Thursday, December 28, 2023

Kwanzaa

President Biden and First Lady Jill Biden recently wished everyone a Happy Kwanzaa. You might wonder how Kwanzaa ever came about and why the President observes the day, so Lloyd Billingsley at Powerline blog tells us about the man who got it all started. His name is Ron Karenga, although he was born Ronald McKinley Everett in 1941.

Here's Billingsley:
Karenga was a political activist in the late 1960s and came to prominence as a theoretician of the black nationalist movement.

In “The Quotable Karenga” handbook, the Kwanzaa inventor told followers: “When it’s burn, let’s see how much you burn. When it’s kill, let’s see how much you kill. When it’s blow up, let’s see how much you blow up.”

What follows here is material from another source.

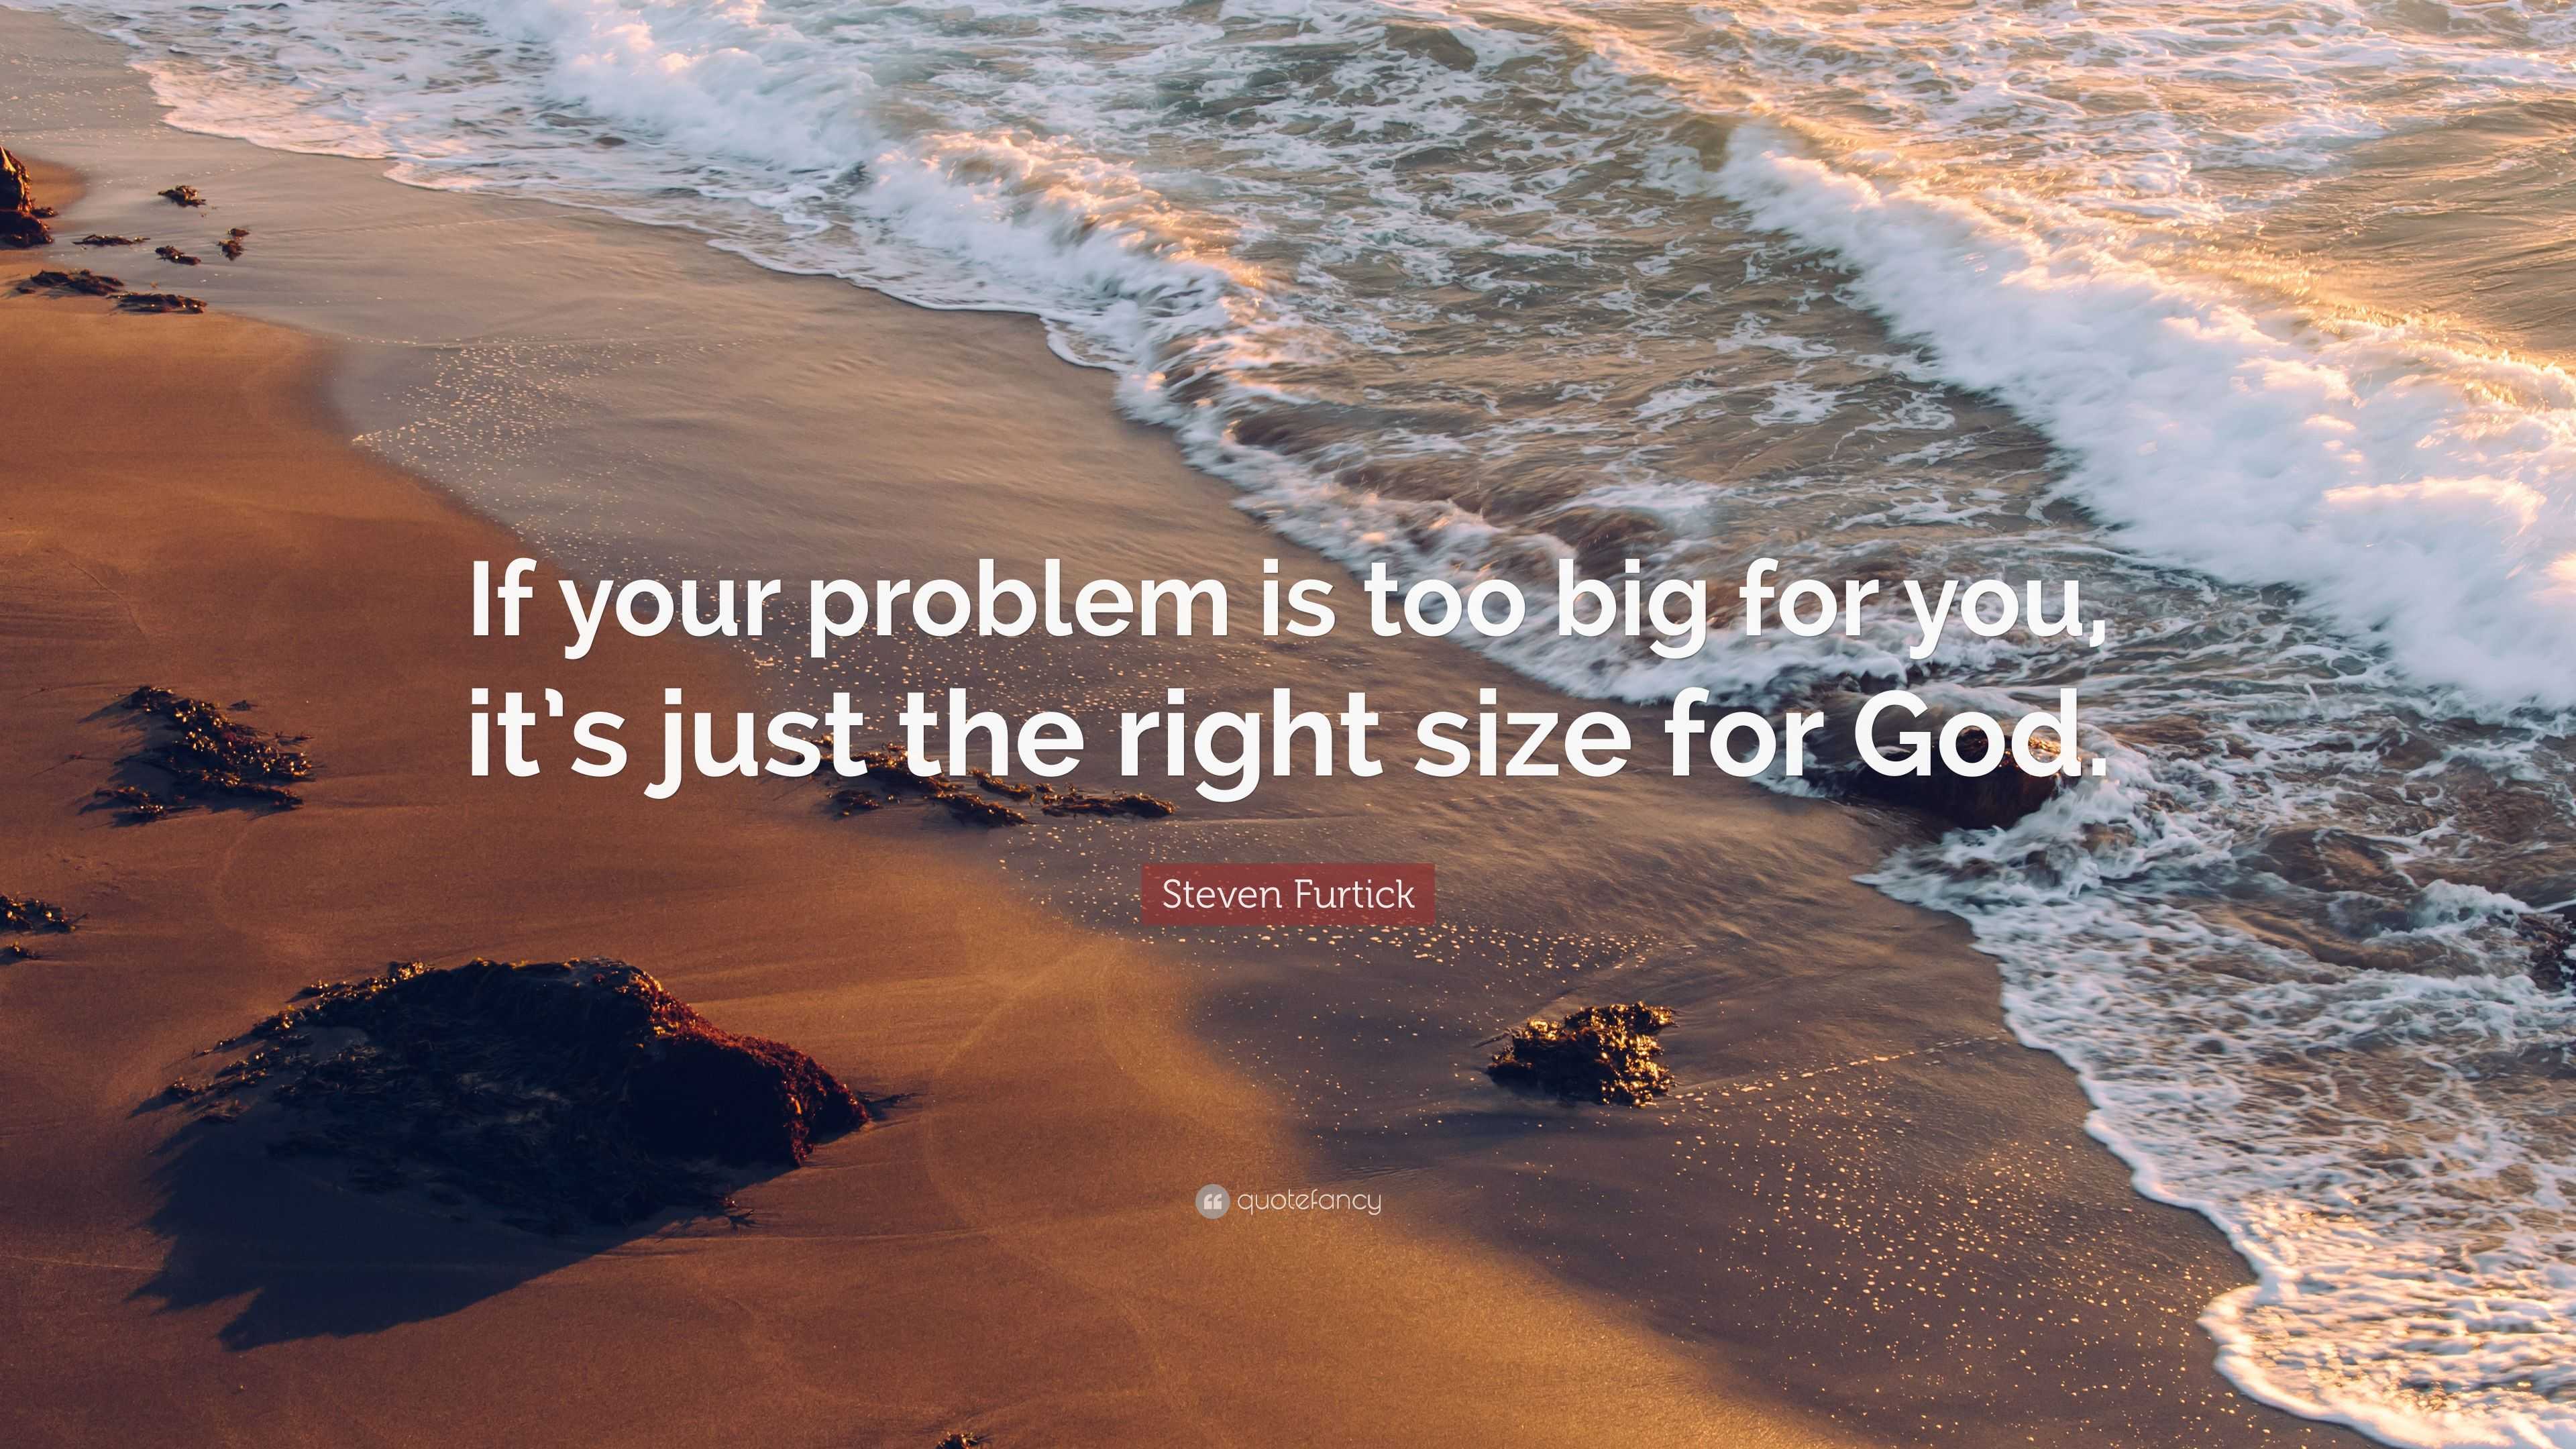 Steven Furtick Quote: “If your problem is too big for you, it's just the  right size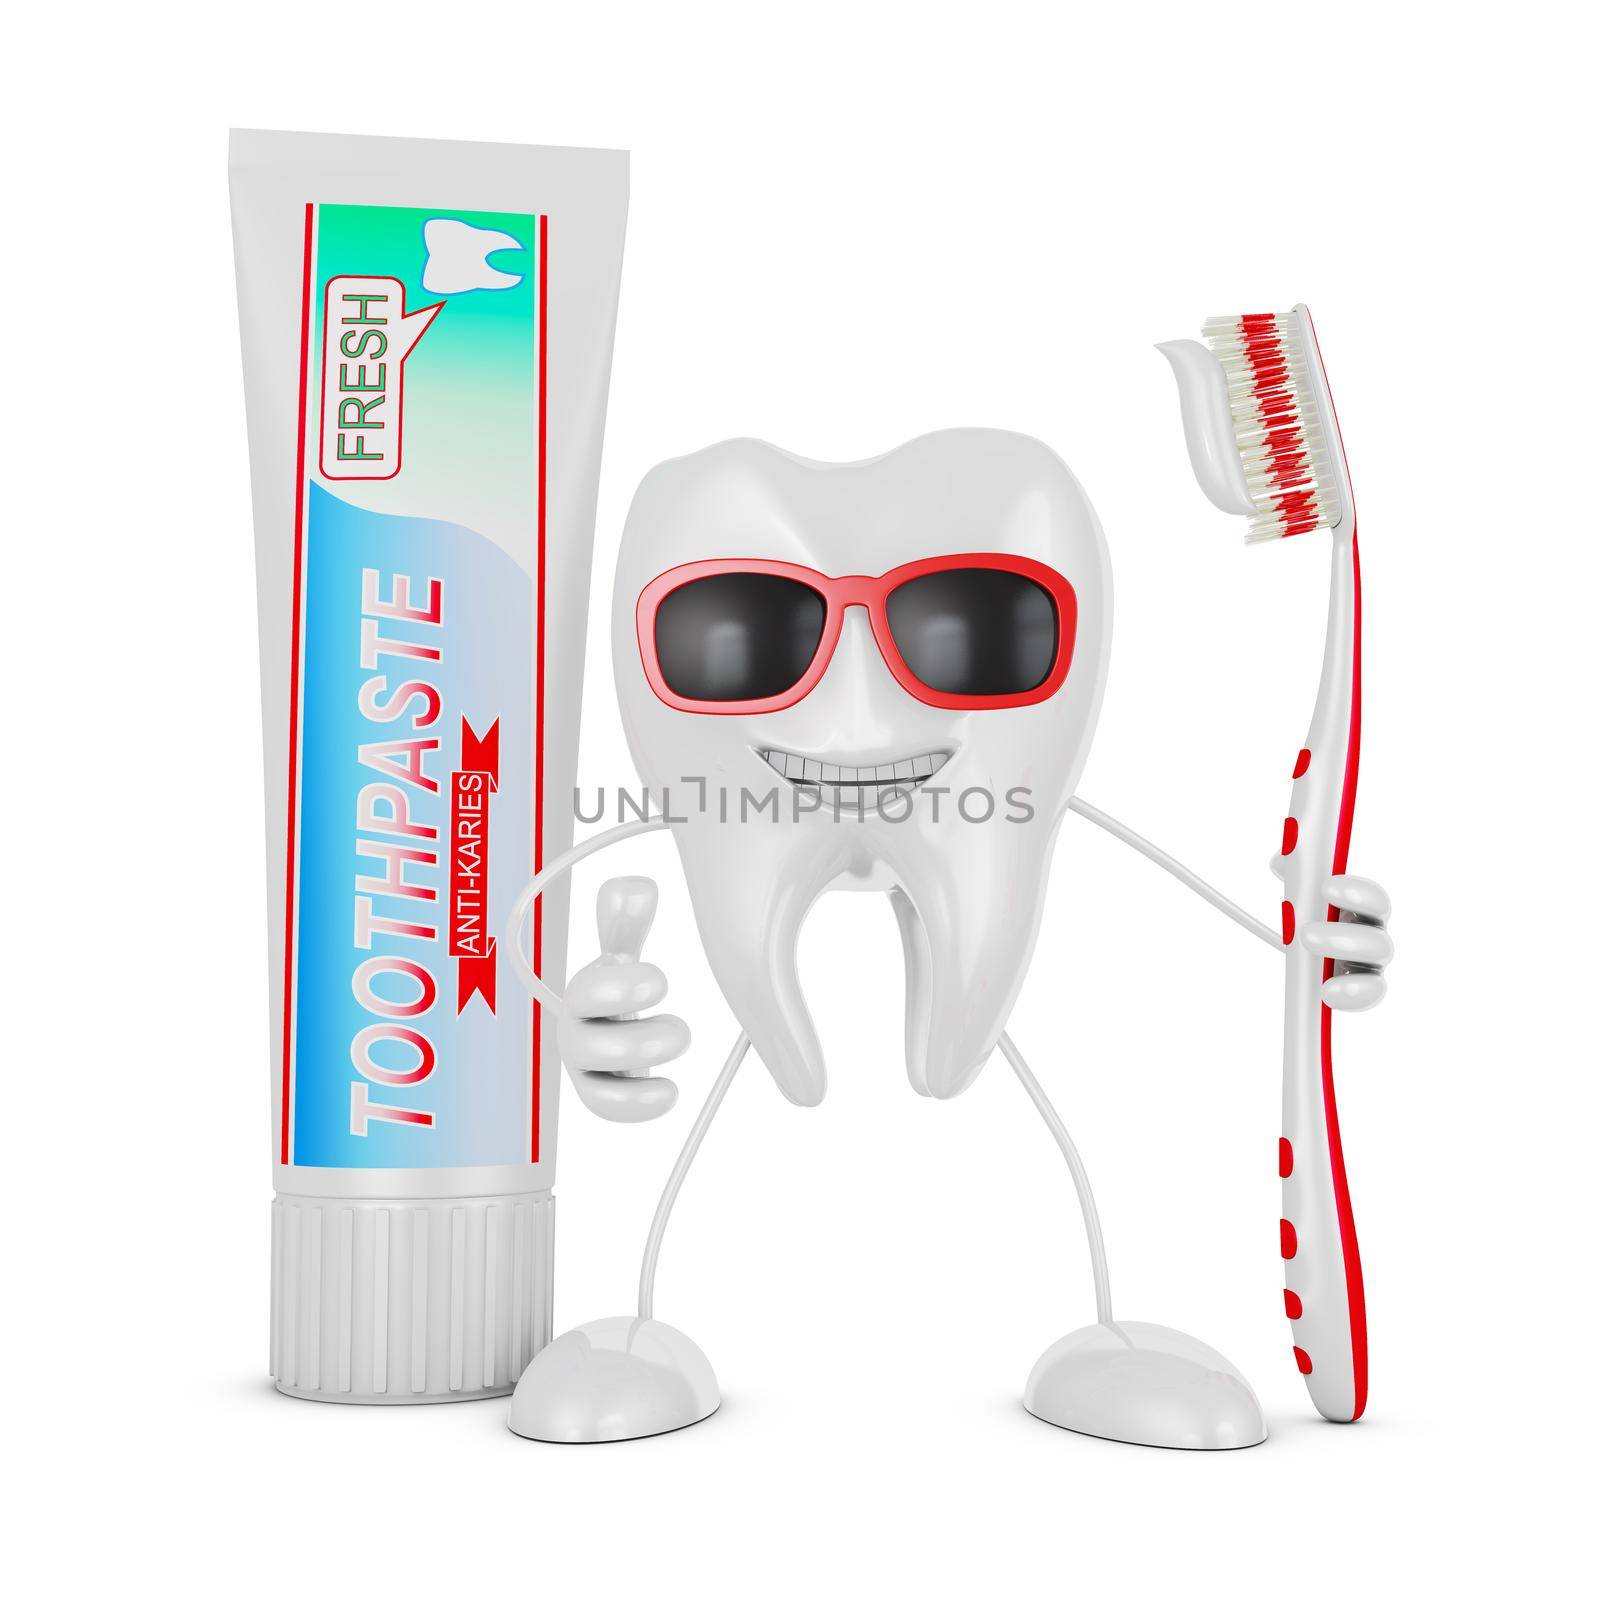 Smiling tooth with glasses holding a toothbrush near the a tube of toothpaste.

Karenga also established Kuzaliwa, a tribute honoring Malcolm X’s birthday on May 19, and Uhuru Day on August 11, to commemorate the 1965 “civil disturbance” in Watts. Between 1971 and 1975, Karenga “dropped out of sight while serving a prison term for ordering the beating of a woman.”

In 1971, a court convicted Karenga of kidnapping and torturing two women in his organization. According to “Karenga Tortured Women Followers, Wife Tells Court,” from the May 3, 1971 Los Angeles Times, Karenga stripped naked Deborah Jones and Gail Davis, whipped them with an electrical cord, and beat the women with a karate baton.

The Kwanzaa founder also stuck a hot soldering iron into Davis’ mouth, and used a vise to clamp down on one of her toes.

Before that torture session, Karenga created a black nationalist organization known as “US.” The rival Black Panthers, who made common cause with white radicals, mocked Karenga’s group as “United Slaves.”

On January 17, 1969, the Black Panthers and United Slaves shot it out at UCLA over control of the black studies program. Panthers John Huggins and Alprentice “Bunchy” Carter perished in the gun battle.
Billingsley has more on Karenga, but the preceding should suffice to give the reader a sense of the sort of gentleman the originator of Kwanzaa is. Given the character of the man, one might be tempted to think the holiday he invented is a giant con.

In any case, I think I'll stick with Christmas, a day associated with a God of love, rather than with a criminal with a record of hate and violence.